Manch­mal frage ich mich schon, wie weit Po­li­ti­ker und Wirt­schafts­füh­rer von der Rea­li­tät der Be­völ­ke­rung ent­fernt sind. Da wun­dert man sich doch land­auf, landab dar­über, wie die Schwei­zer Be­völ­ke­rung mit ei­ner Drei­vier­tel­mehr­heit die Lo­gik über Bord wer­fen konnte und ver­ant­wor­tungs­los zu­kün­f­it­gen Pen­sio­nier­ten Geld zu­spricht, das diese gar nicht sel­ber er­spart ha­ben.
Nun ja, wie soll ich sa­gen: Die Be­völ­ke­rung hat in den letz­ten Jah­ren an­schau­lich gelernt:

  • Dass Rei­che hem­mungs­los den Steu­er­wett­be­werb aus­nut­zen und dort­hin zie­hen, wo sie keine oder nur we­nig Steu­ern zah­len müssen
  • Oder aber sie hin­ter­zie­hen gleich ihre Steu­ern und ver­schie­ben ihr Geld heim­lich in ein Land mit Bankgeheimnis.

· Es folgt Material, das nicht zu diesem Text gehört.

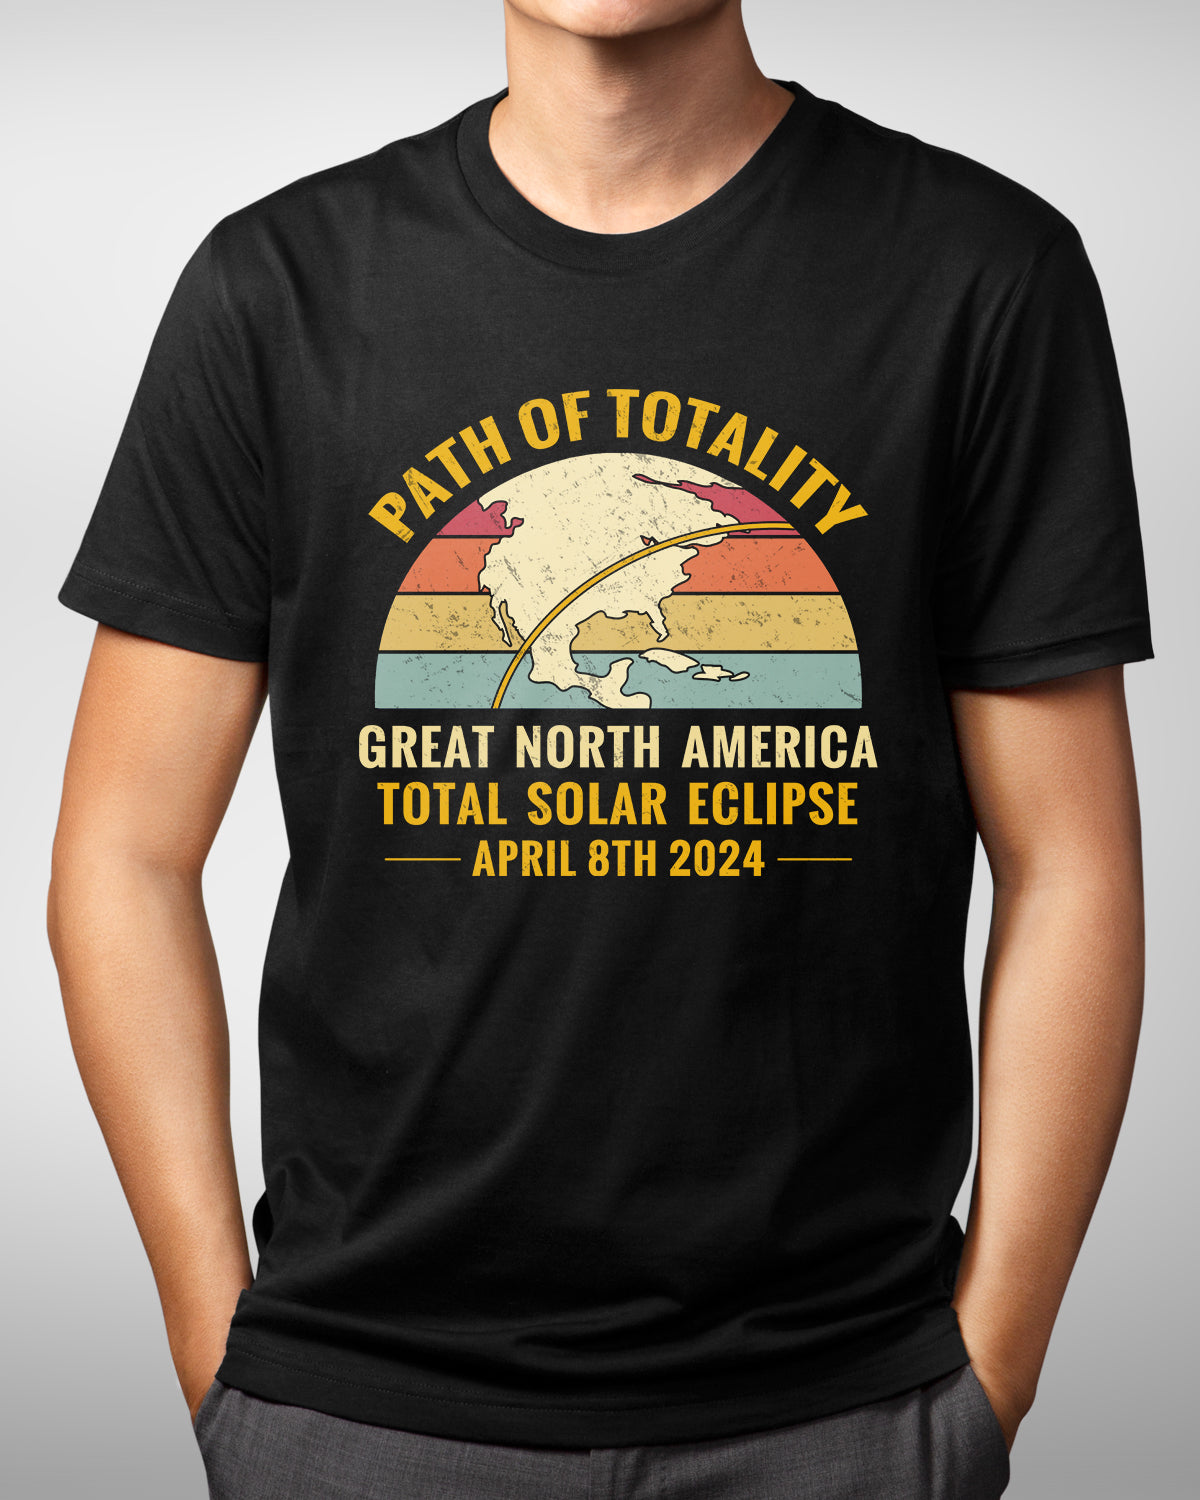 2024 Total Solar Eclipse Shirt, Vintage April 8 Totality Event, Eclipse Souvenir, Family Matching Tees, North America Celestial Event

  • In­vest­ment­ban­ker ver­zo­cken nicht nur ihr ei­ge­nes Geld, son­dern auch das­je­nige ih­rer Kun­den hem­mungs­los an der Börse.

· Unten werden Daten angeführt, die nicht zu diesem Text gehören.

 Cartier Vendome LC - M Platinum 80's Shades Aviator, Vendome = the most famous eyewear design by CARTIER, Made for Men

  • Da­bei scheuen sie nicht da­vor zu­rück, die Kun­den mit fal­schen oder un­kla­ren Ver­spre­chun­gen in In­ves­ti­tio­nen zu lo­cken, die diese ei­gent­lich gar nicht wol­len und auch nicht ver­ste­hen, so­lange nur der ei­gene Um­satz und so­mit der Bo­nus stimmt.
  • In gu­ten Zei­ten kas­sie­ren sie schwin­del­er­re­gende Boni und in schlech­ten Zei­ten ist kei­ner ver­ant­wort­lich, und der Steu­er­zah­ler trägt die Ver­luste.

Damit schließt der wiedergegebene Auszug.